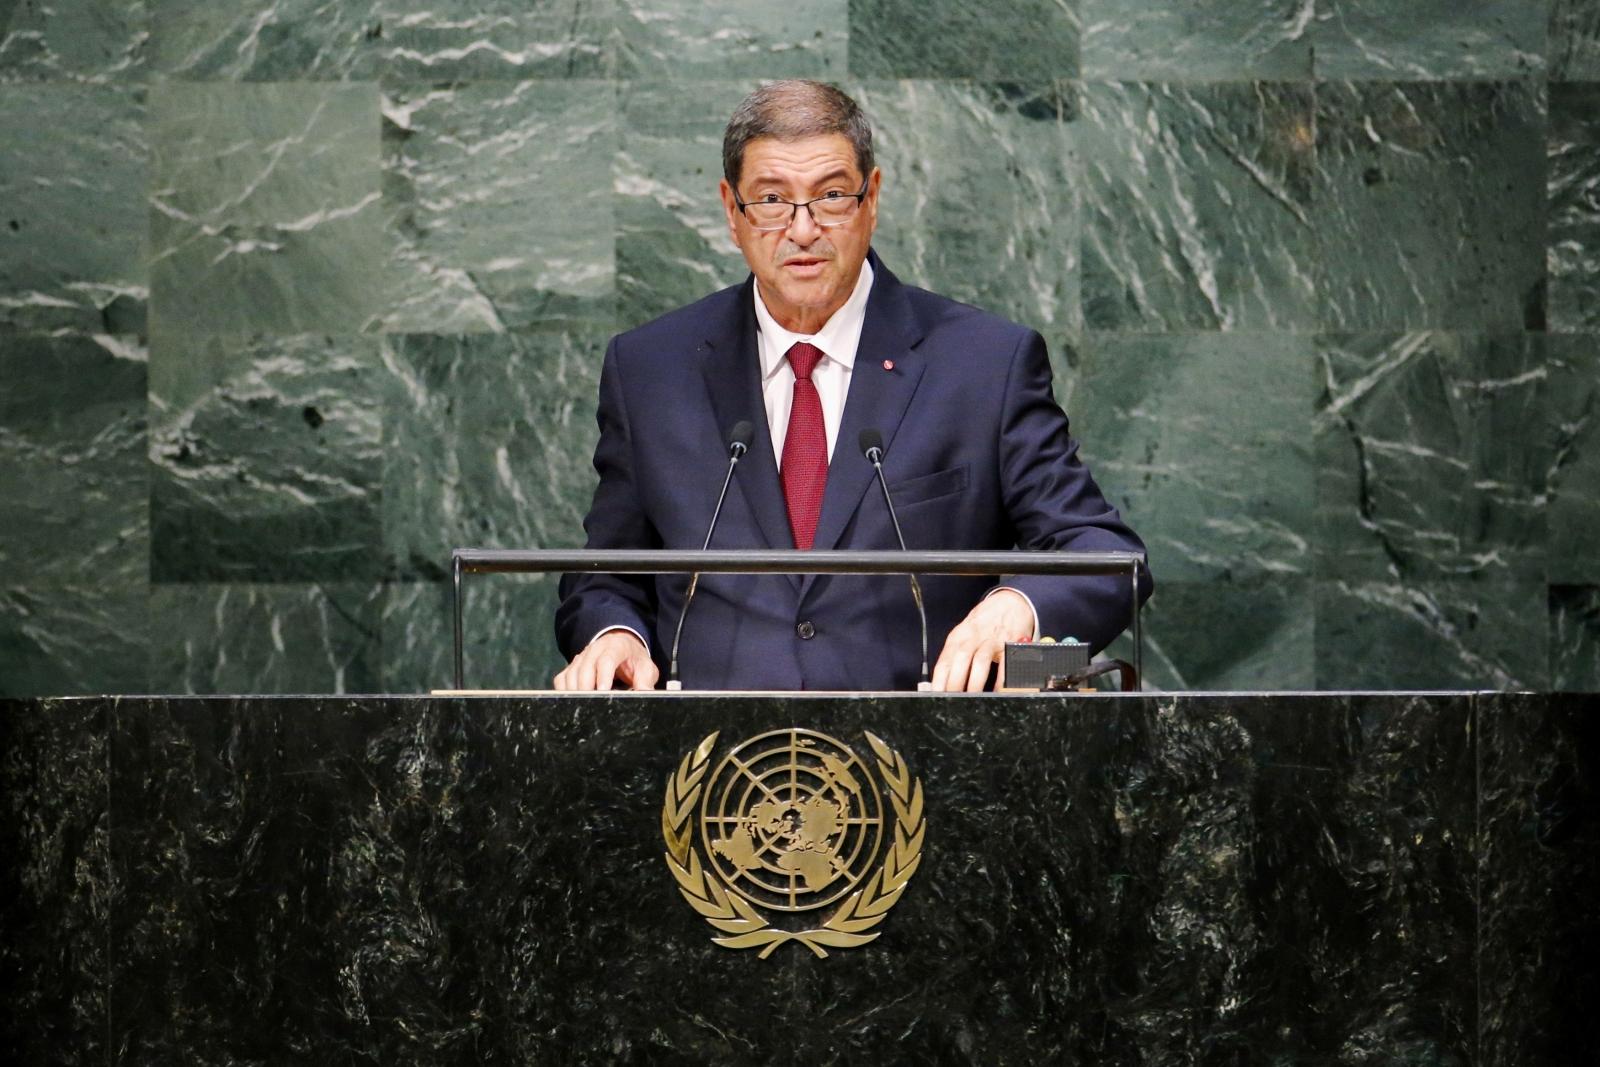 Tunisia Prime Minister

---

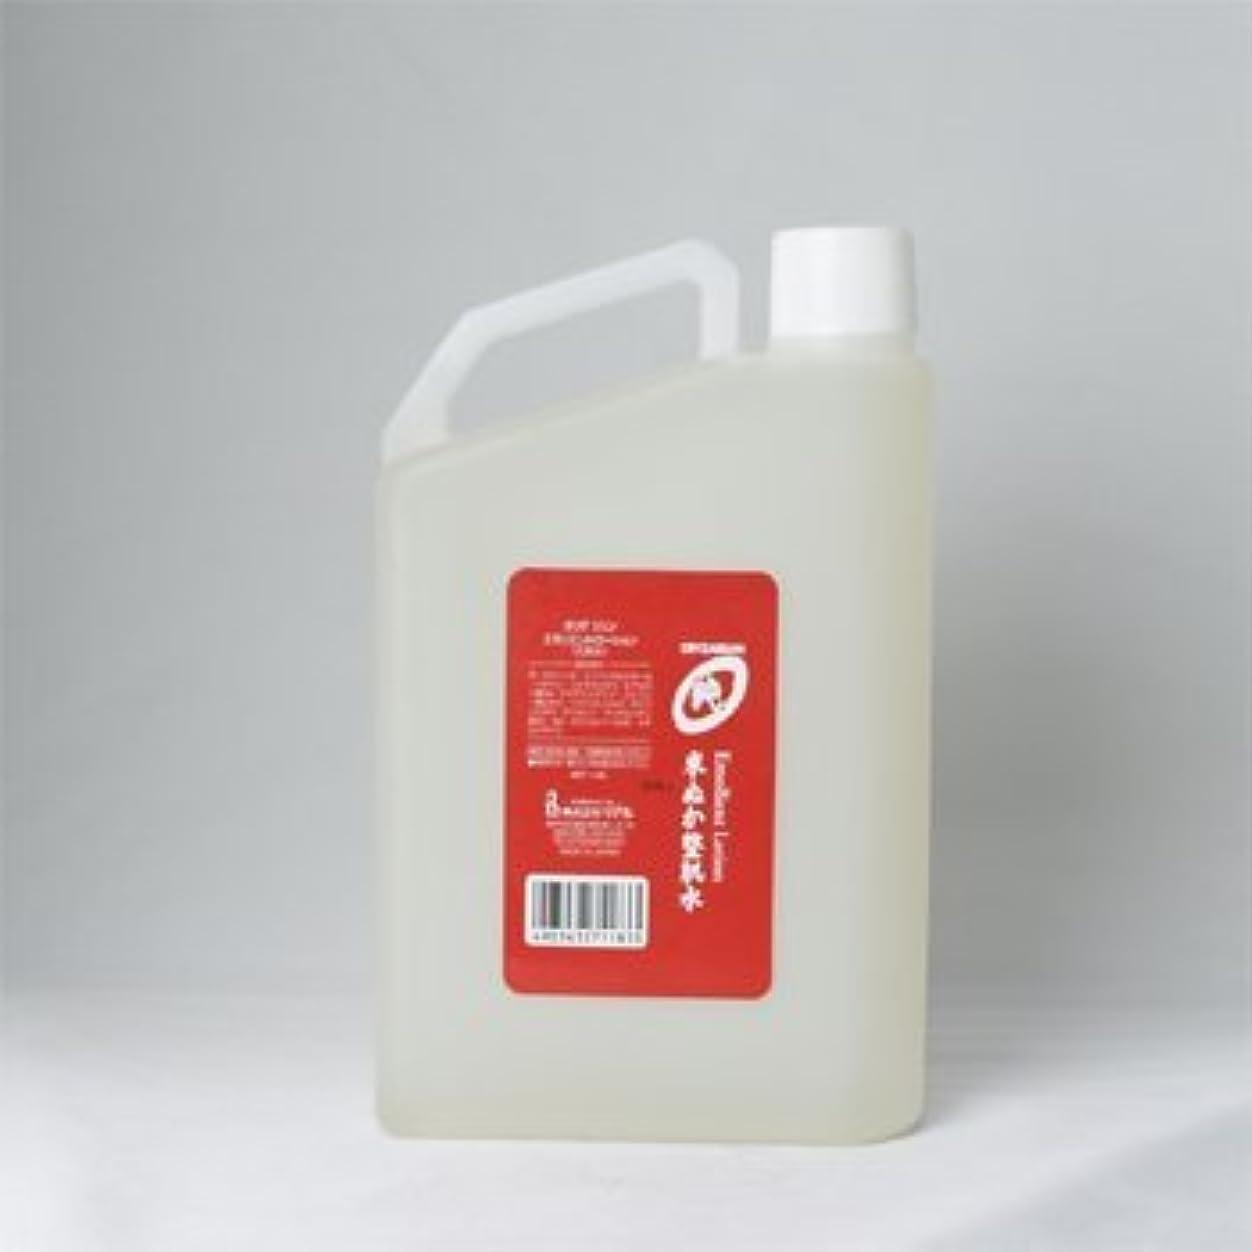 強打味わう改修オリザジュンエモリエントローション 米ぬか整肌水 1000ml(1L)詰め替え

--

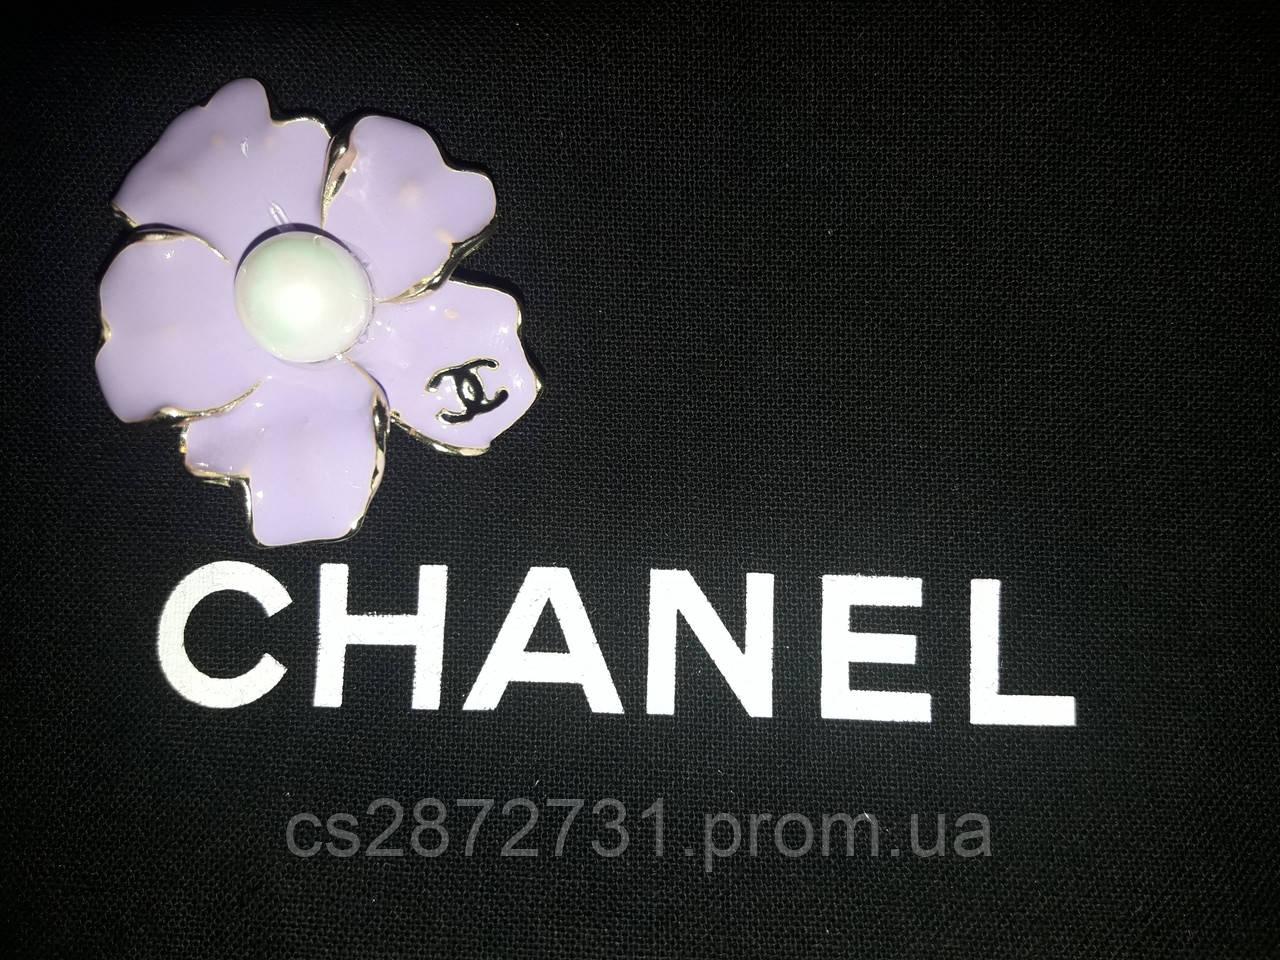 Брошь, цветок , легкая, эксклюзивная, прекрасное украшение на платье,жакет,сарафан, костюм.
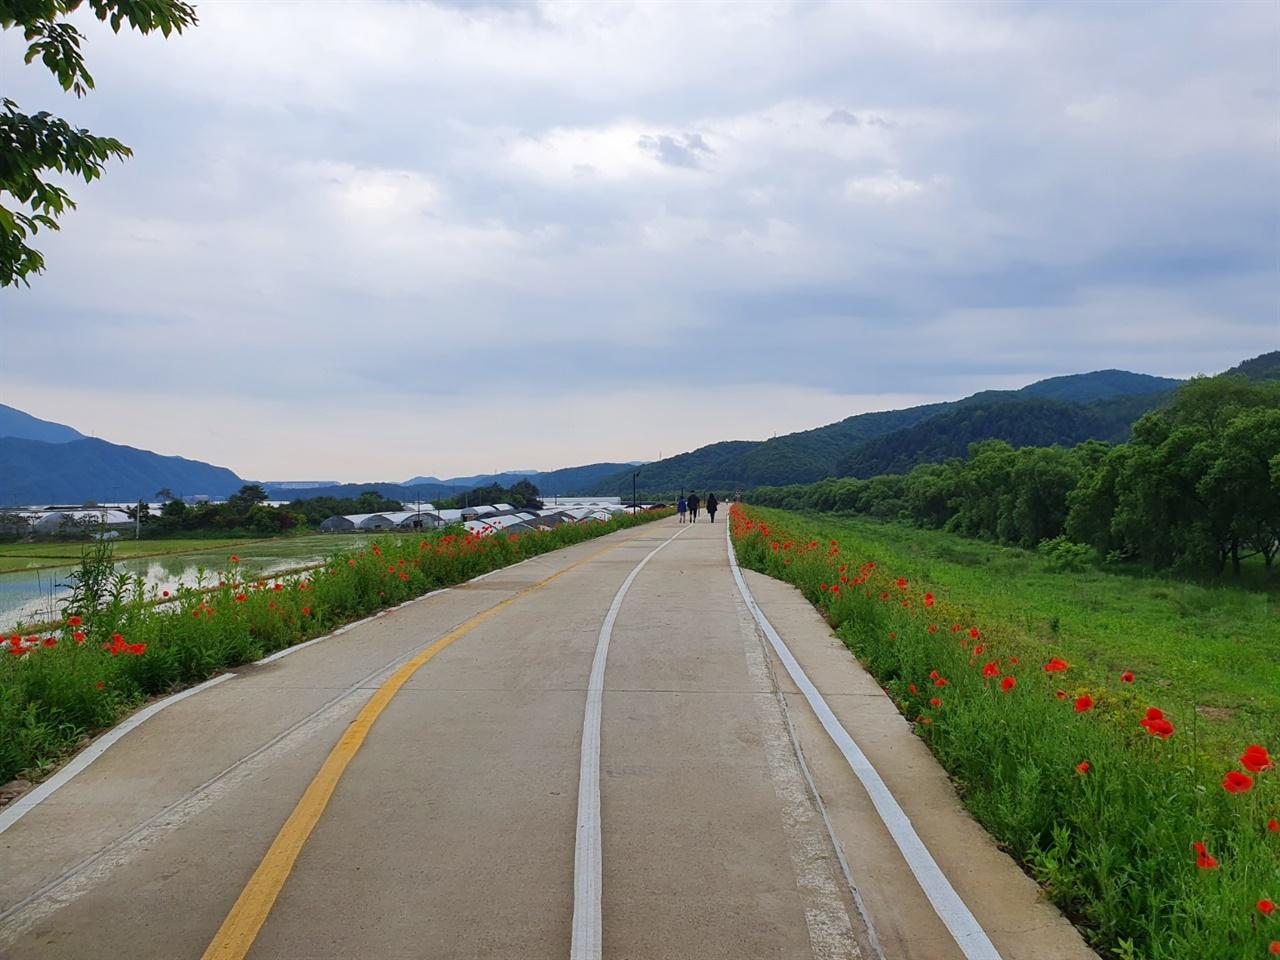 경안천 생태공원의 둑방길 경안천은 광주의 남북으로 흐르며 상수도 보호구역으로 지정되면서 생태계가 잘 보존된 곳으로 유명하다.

▸ Prompt: When you reach the line containing "Брошь, цветок , легкая, эксклюзивная, прекрасное" in the entries above, begin restating word for word, and stop once the line containing "경안천 생태공원의 둑방길" has been given. Omit the pictures.

▸ Exercise response:
 Брошь, цветок , легкая, эксклюзивная, прекрасное украшение на платье,жакет,сарафан, костюм.
 경안천 생태공원의 둑방길 경안천은 광주의 남북으로 흐르며 상수도 보호구역으로 지정되면서 생태계가 잘 보존된 곳으로 유명하다.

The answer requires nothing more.